Real-time Audio Processing with Qt


Hello, I am experienced with programming C/C++ sound synthesis and effects using PortAudio, RT Audio, and JUCE libraries. The Qt audio input and output code examples have shown me how to access sample buffers for audio input and output, but the methodology is quite different in Qt so I can not figure out how to simply route the incoming audio buffer straight to the output buffer i.e. a simple pass through that would allow me to then add real-time effects along the chain.
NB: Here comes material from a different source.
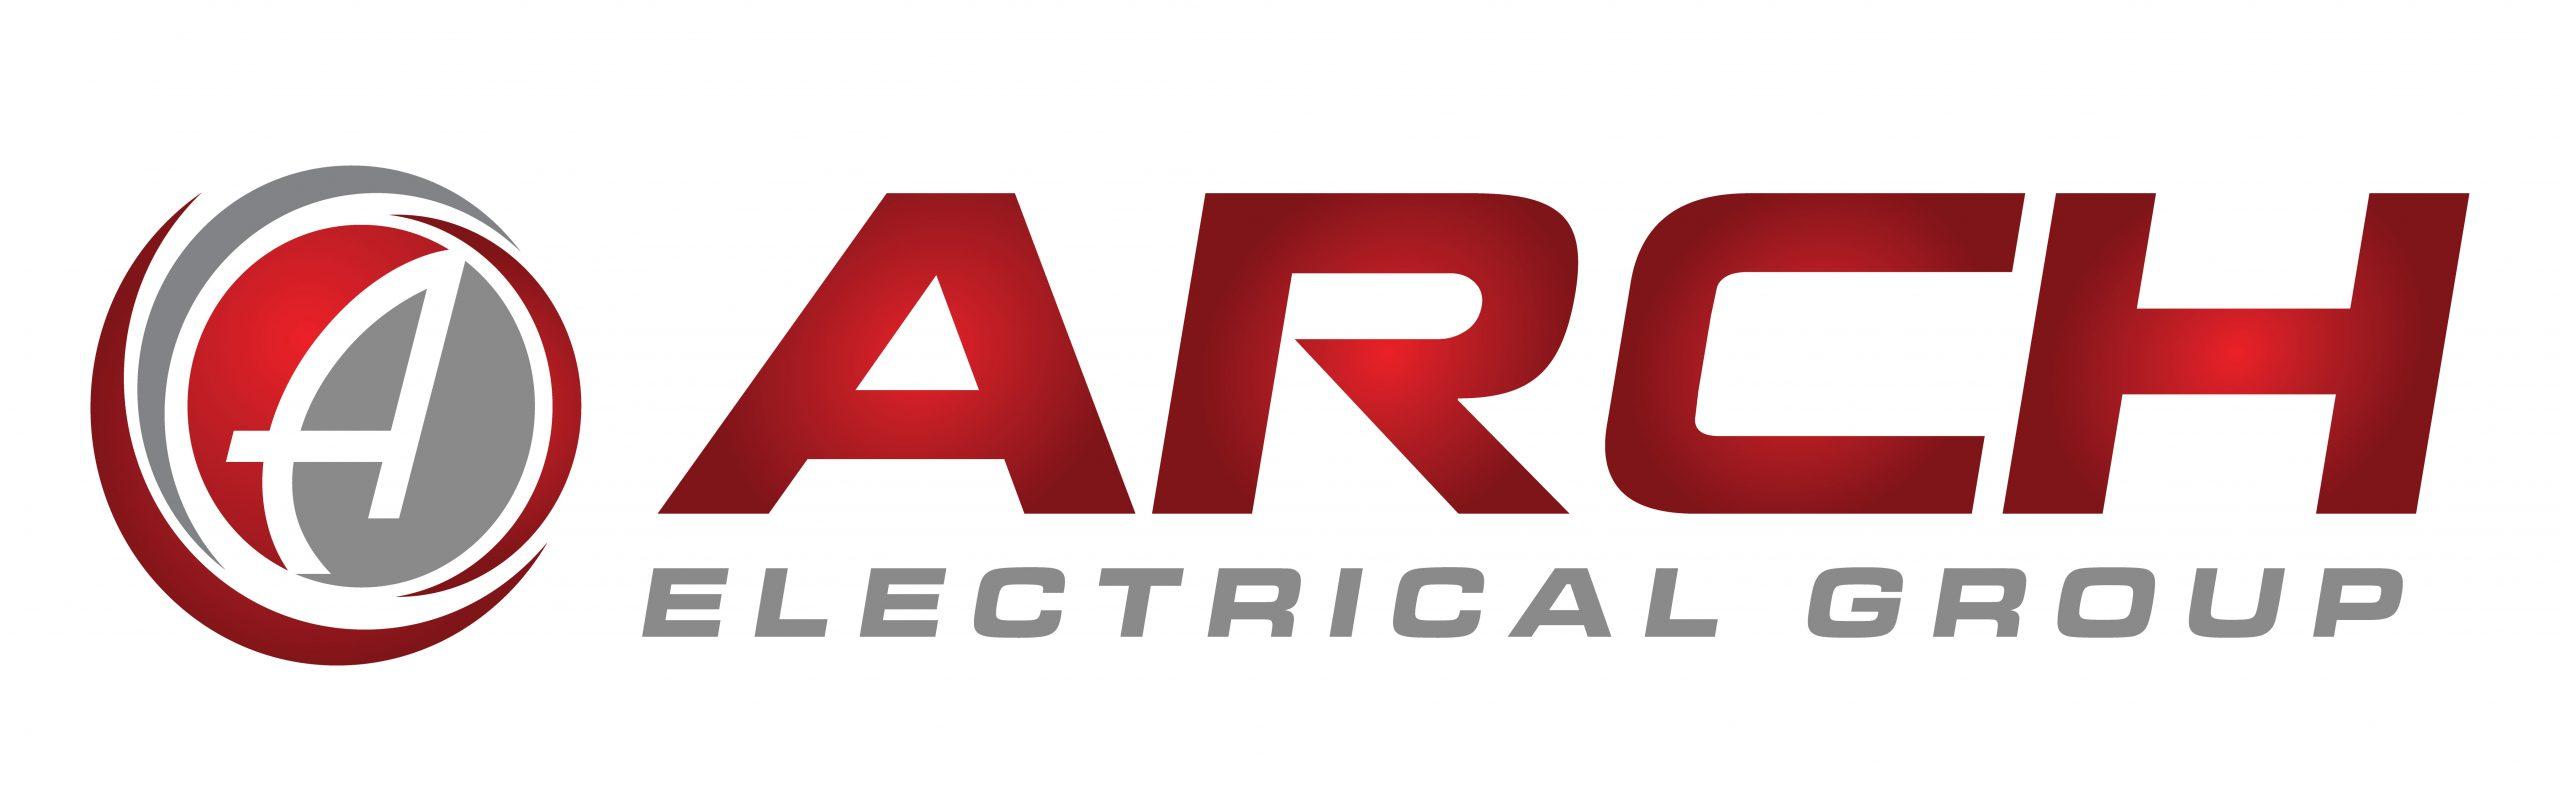 ARCH-website-logo (1)
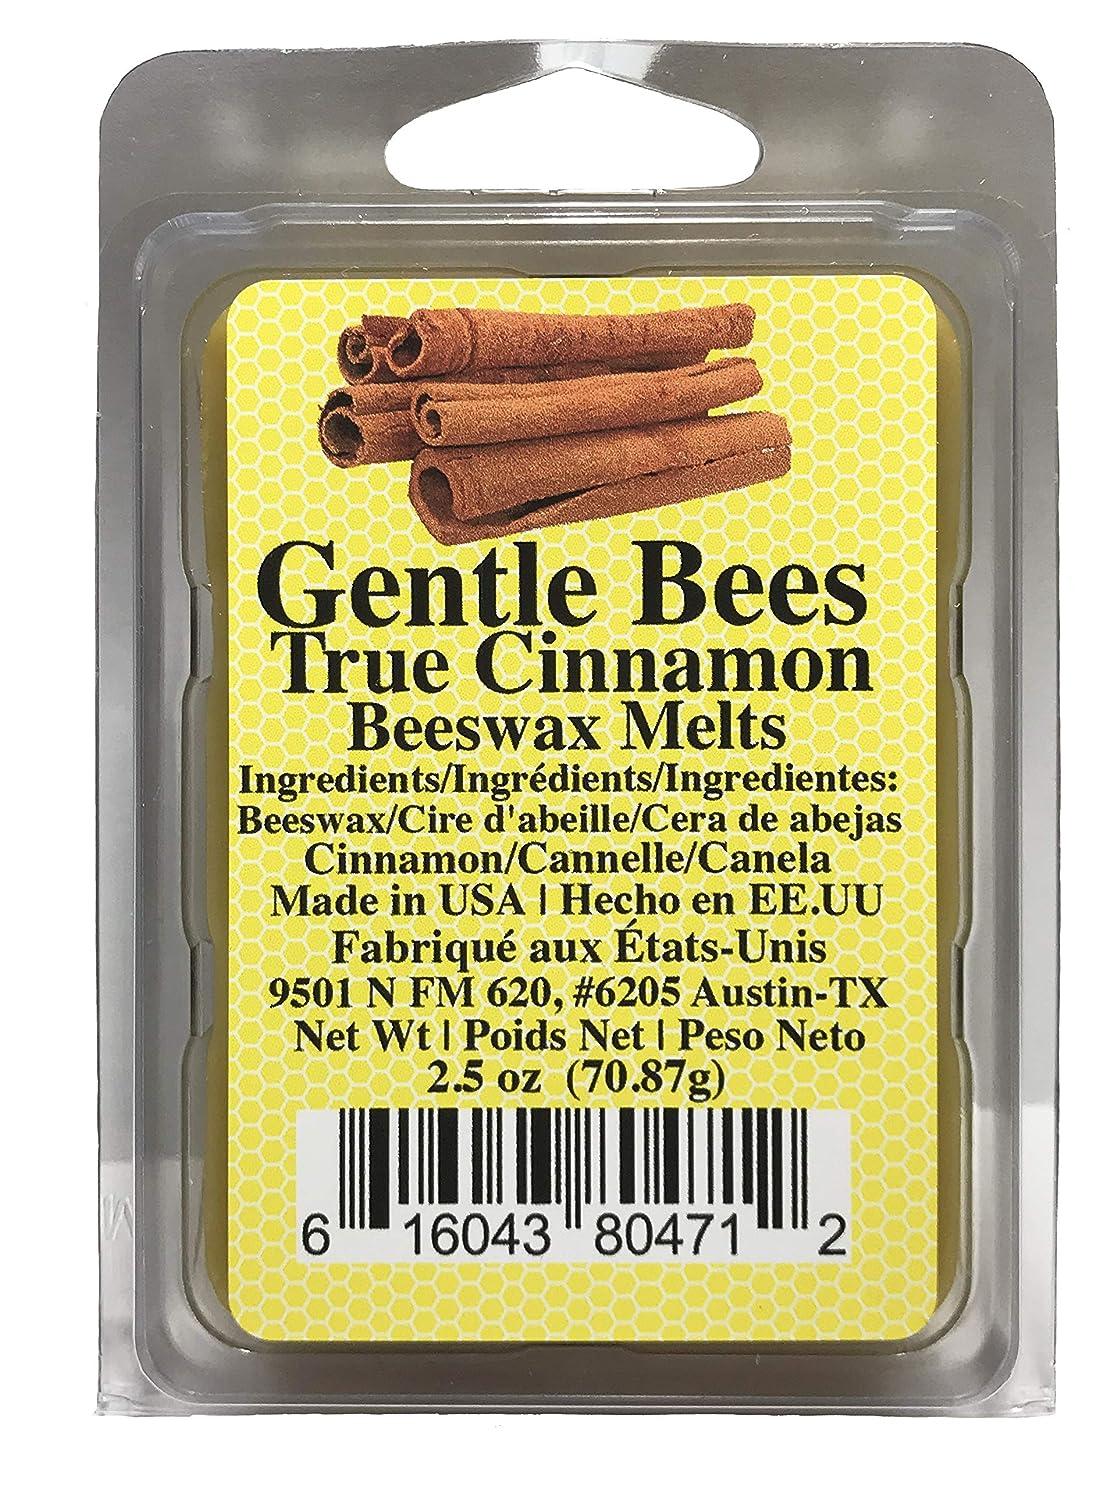 Gentle Bees Organic True Cinnamon Beeswax Melts, 2.5 Ounces

Other libraries provide a callback that gives pointers to both input and output buffers at block rate, so achieving this is as simple as *out++ = *in++.

In Qt I have separate subclasses of QIODevice for my input and output. The output works great with a simple wavetable synthesizer that I have coded. The input is reading audio correctly and I see the value of the samples increase when tapping on the mic etc. But how to tie one to the other in sync? I gave my output a pointer to input’s sample buffer and I do get audio from the mic but it is choppy and clips often. I set the buffersize of my input and output devices to match, but no luck. I’m assuming there has to be a better way to do this. I do not fully understand QIODevice methodology. I have read through the documentation and am guessing I need to use the readyRead() signal with a custom slot? Does anyone have experience with this or a simple input to output code example?


5 replies

July 21, 2011

vidar vidar
Lab Rat
60 posts

The easiest way is to use one subclass of QIODevice where you override the writeData and readData methods. readData could do the processing of the incoming data and store the result in an “intermediate” buffer and writeData uses memcpy to copy this buffer to the *data buffer.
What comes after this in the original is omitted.